_ASSIGNMENT_:
Output word for word the lines from the one with "epson lx 300" to the final line of the data, both ends included, but skip the pictures.

[THE DATA Boundary: Start]

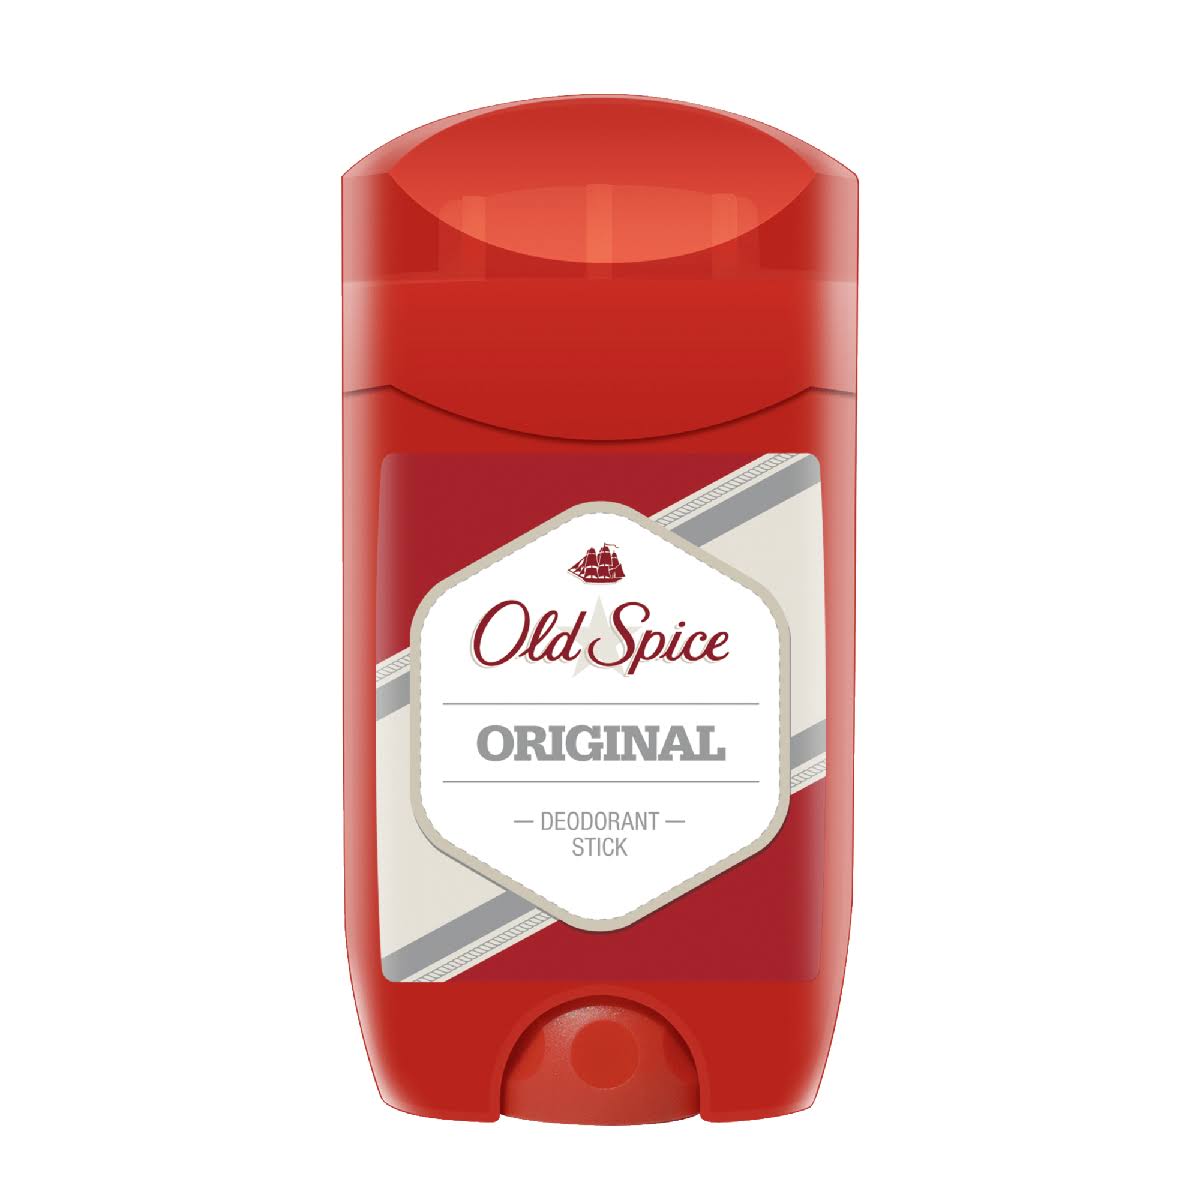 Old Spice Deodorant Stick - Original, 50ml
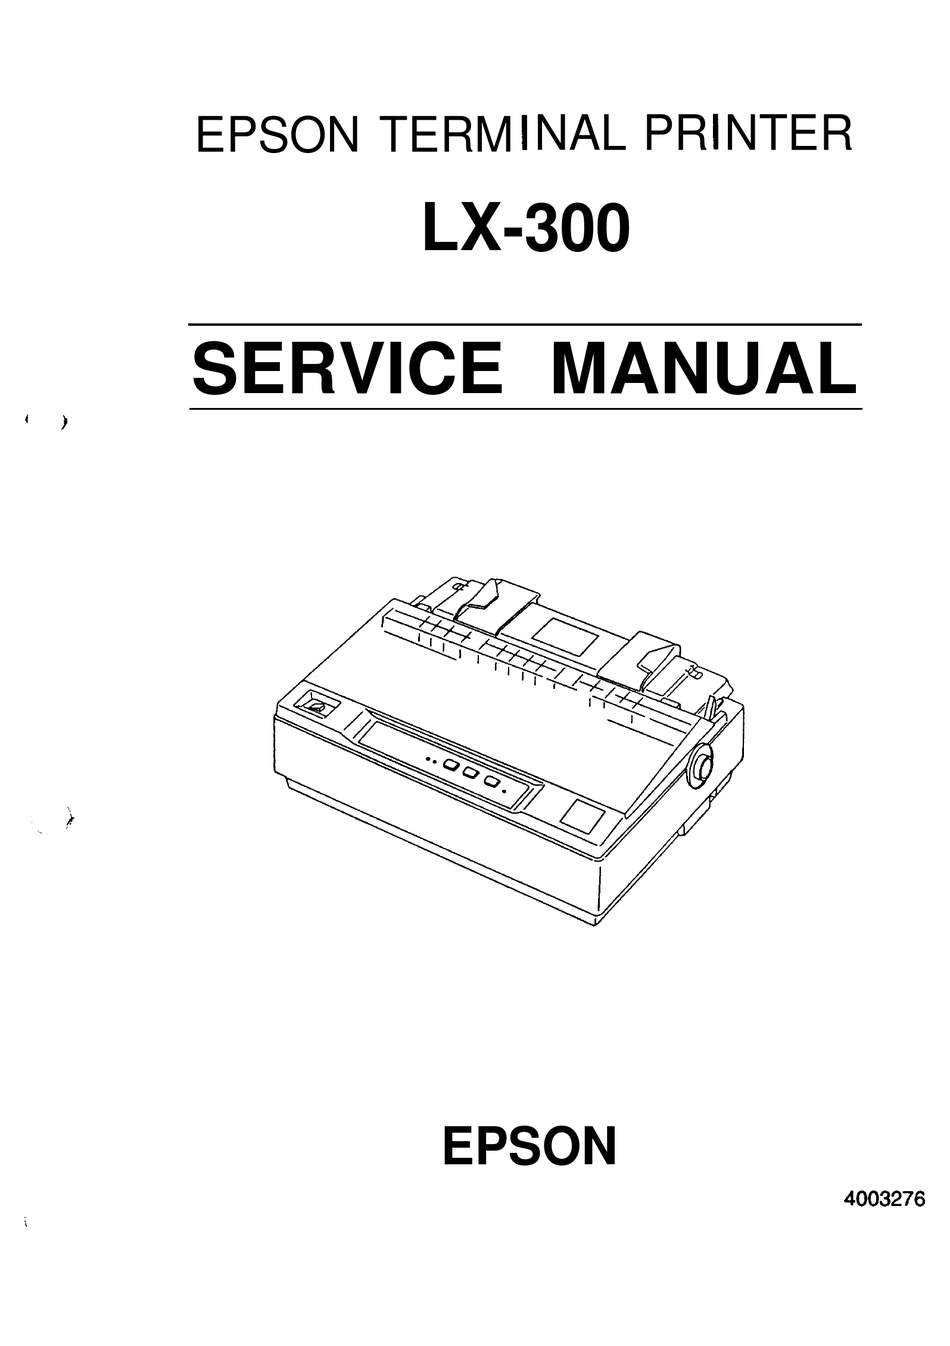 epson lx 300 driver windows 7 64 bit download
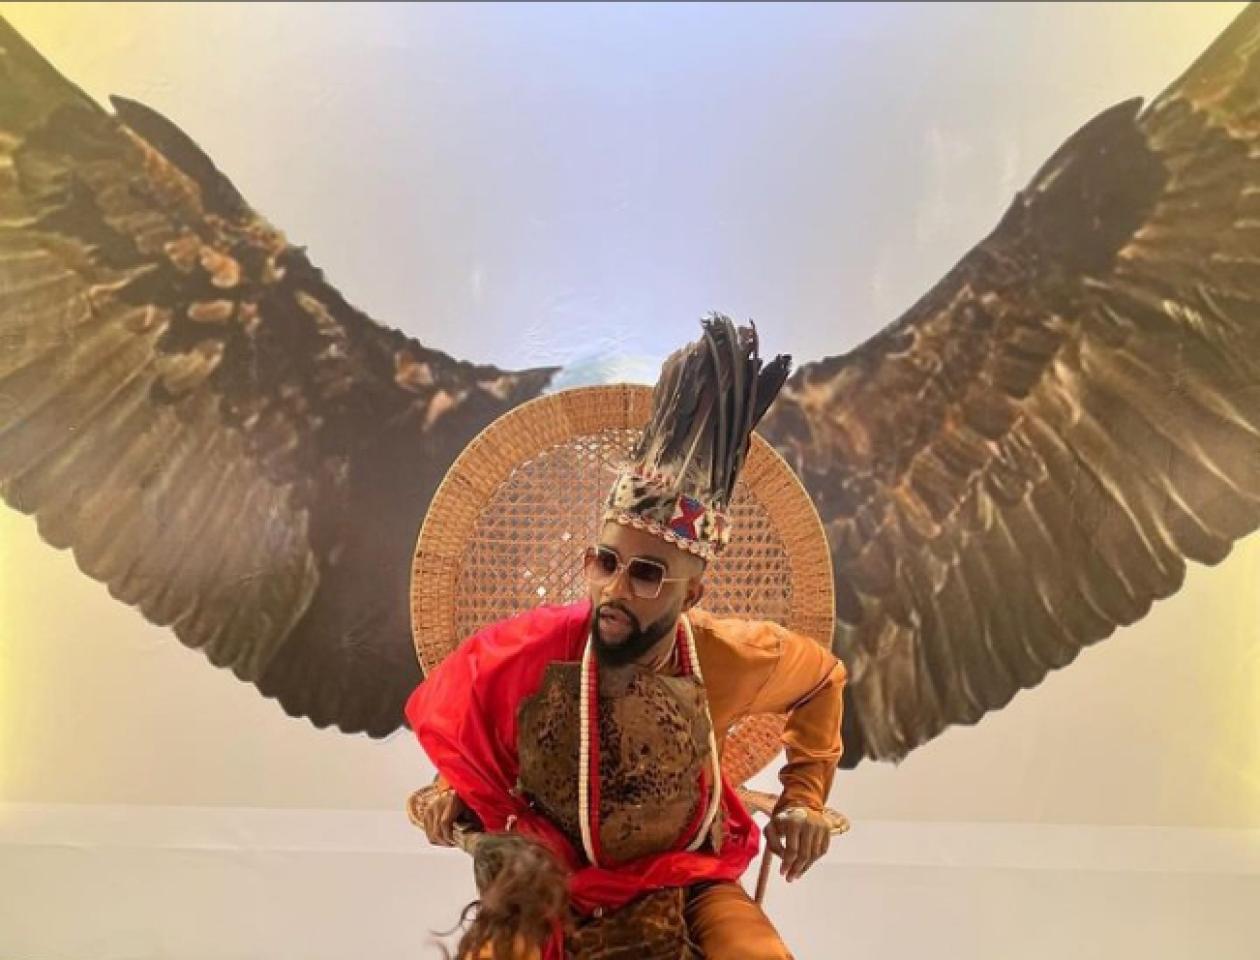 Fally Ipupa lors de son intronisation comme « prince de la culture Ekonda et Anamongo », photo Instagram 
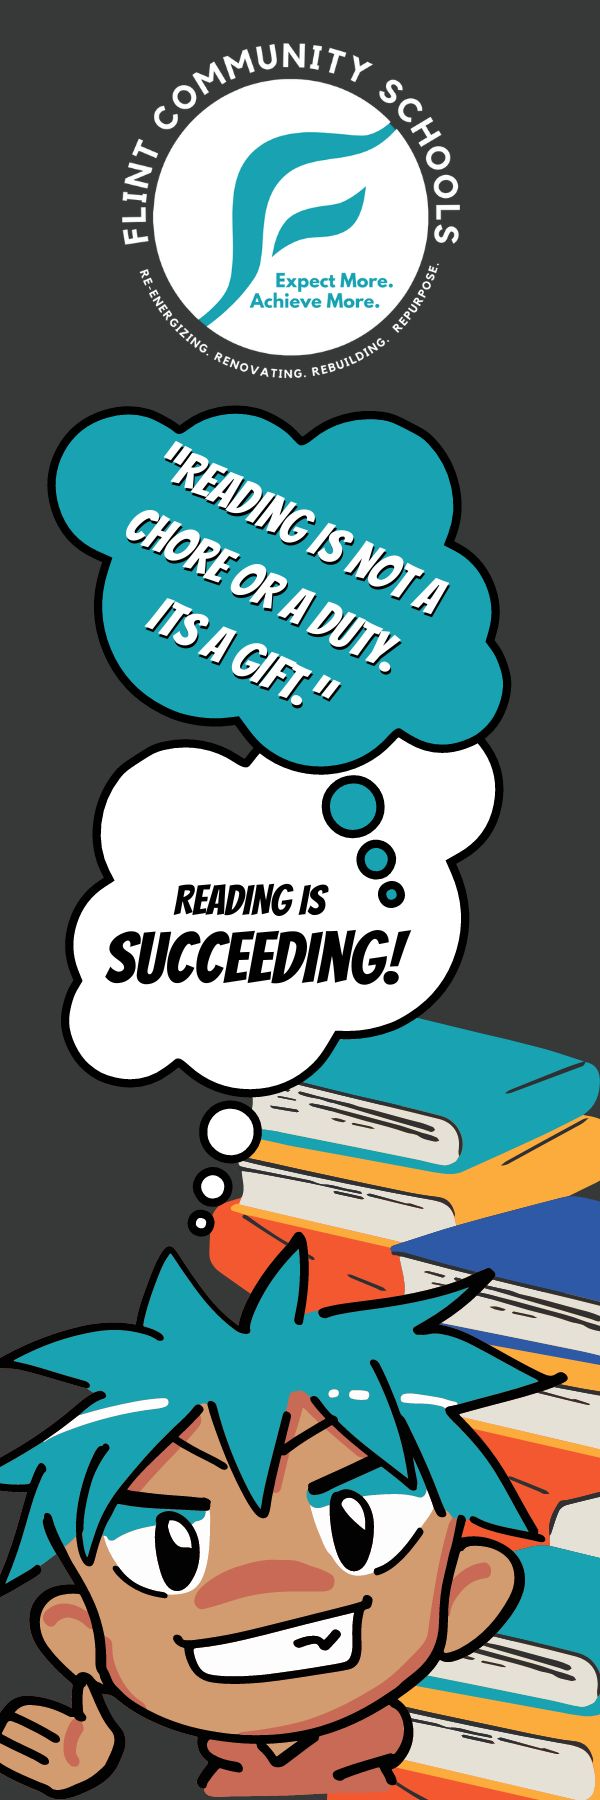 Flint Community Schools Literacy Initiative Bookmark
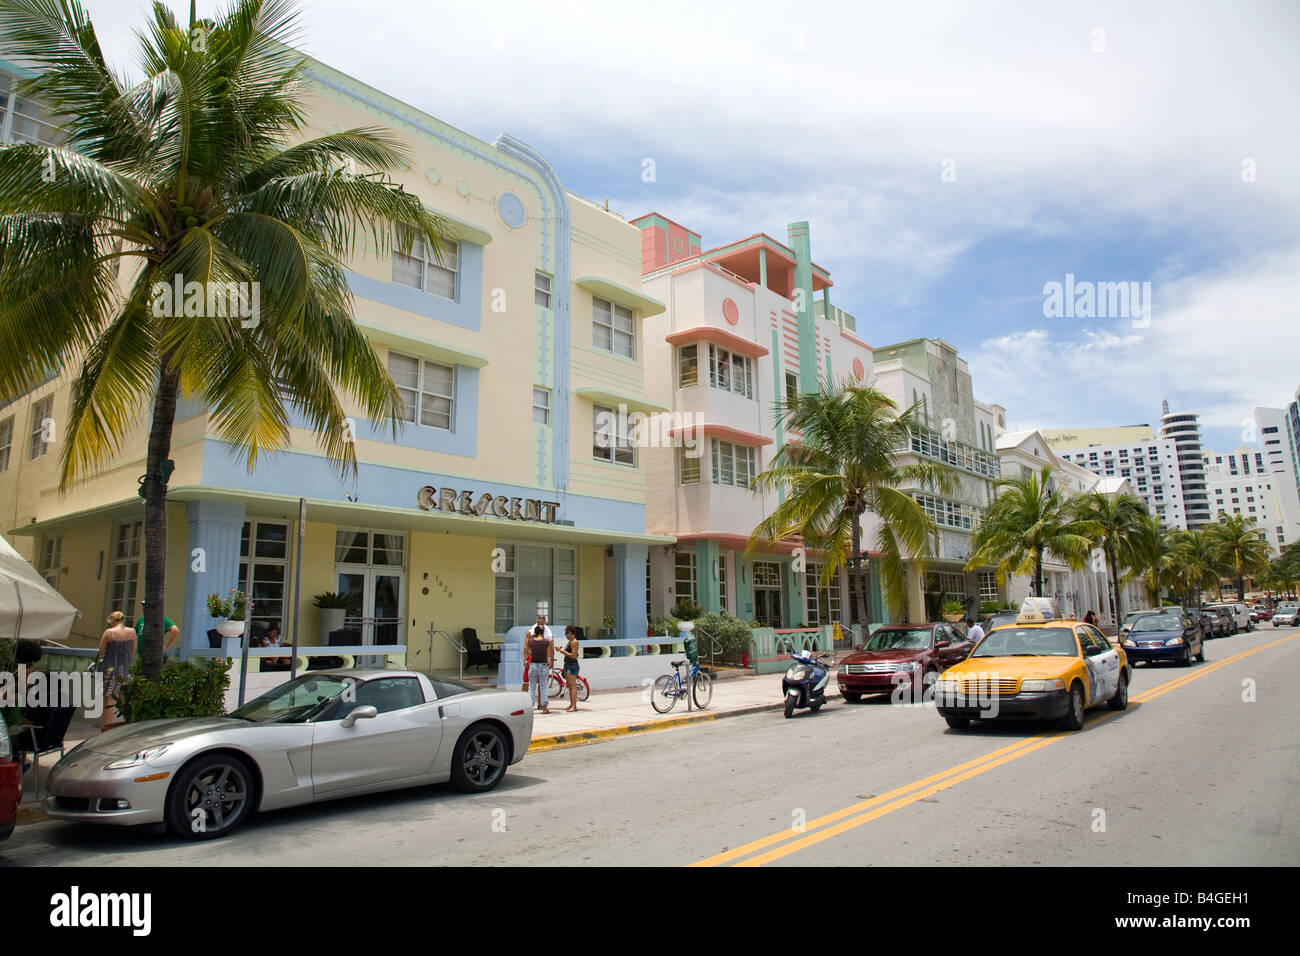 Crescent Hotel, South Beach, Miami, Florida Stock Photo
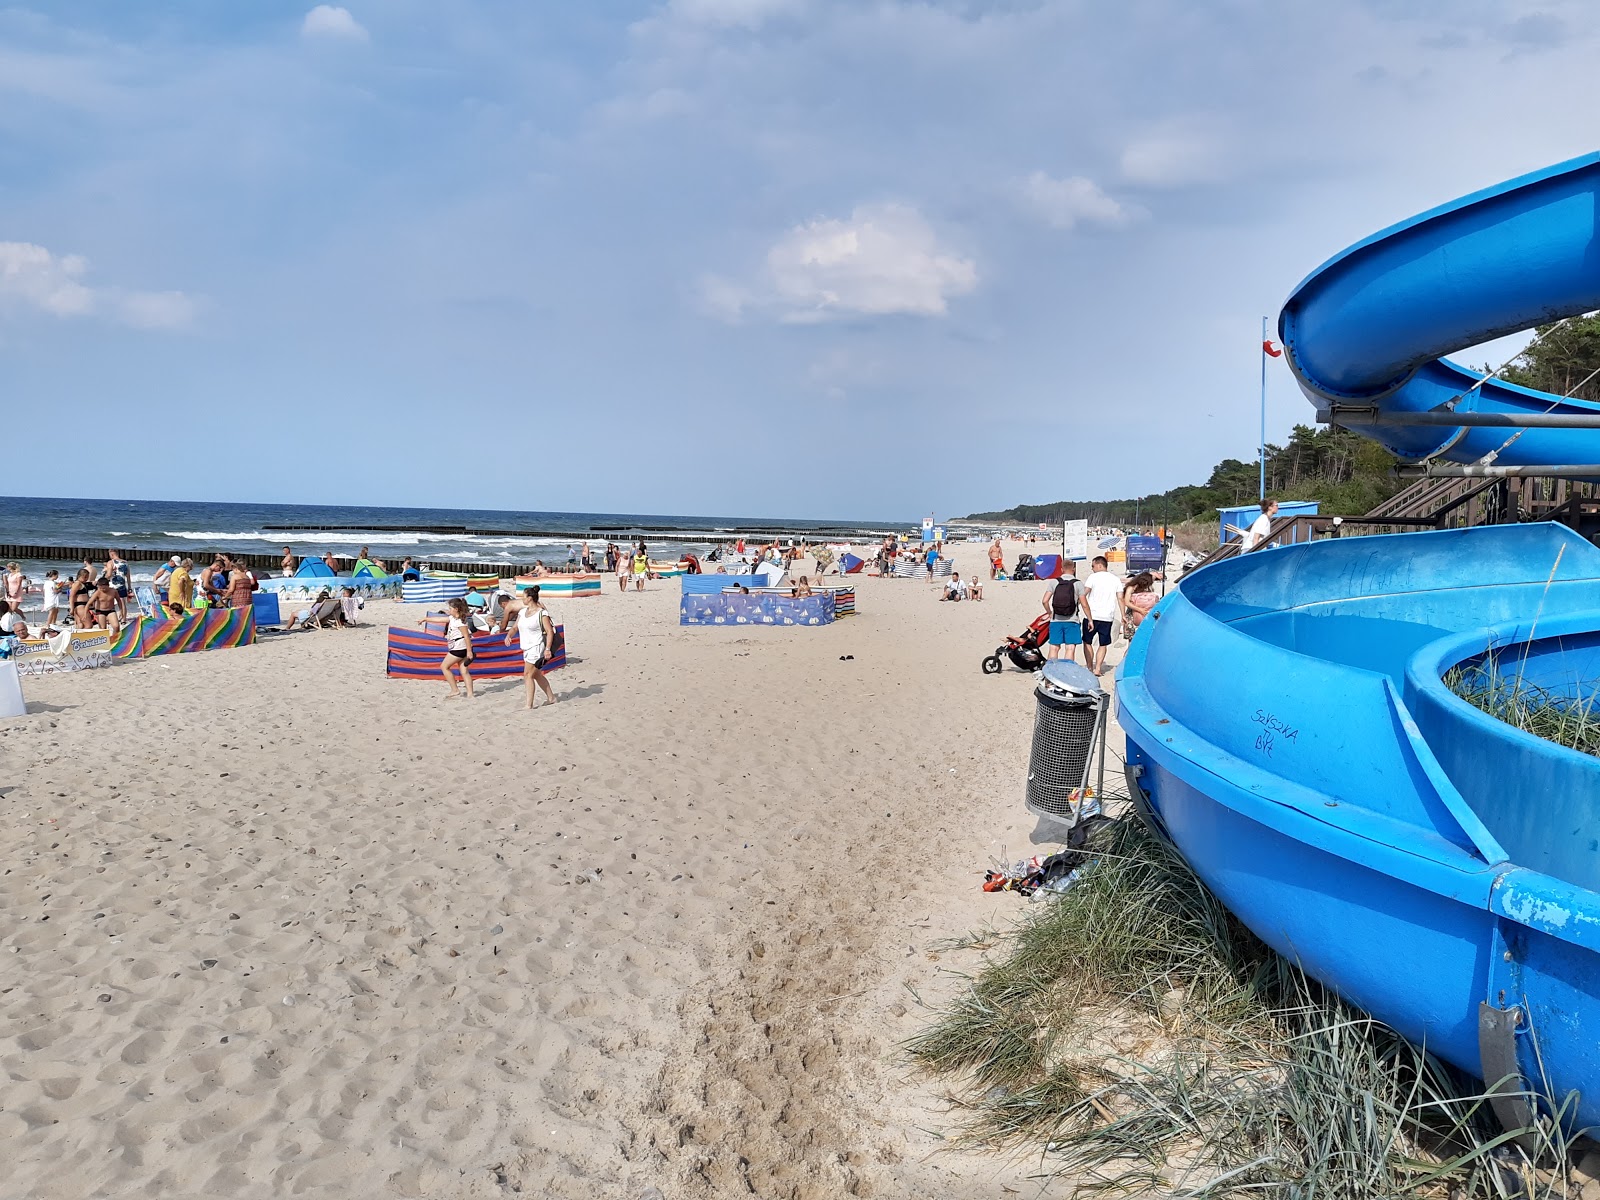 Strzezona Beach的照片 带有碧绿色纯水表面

[THE DATA Boundary: End]

_WRITTEN ANSWER_:
 epson lx 300 driver windows 7 64 bit download
 Fally Ipupa lors de son intronisation comme « prince de la culture Ekonda et Anamongo », photo Instagram 
 Flint Community Schools Literacy Initiative Bookmark
 Crescent Hotel, South Beach, Miami, Florida Stock Photo
 Strzezona Beach的照片 带有碧绿色纯水表面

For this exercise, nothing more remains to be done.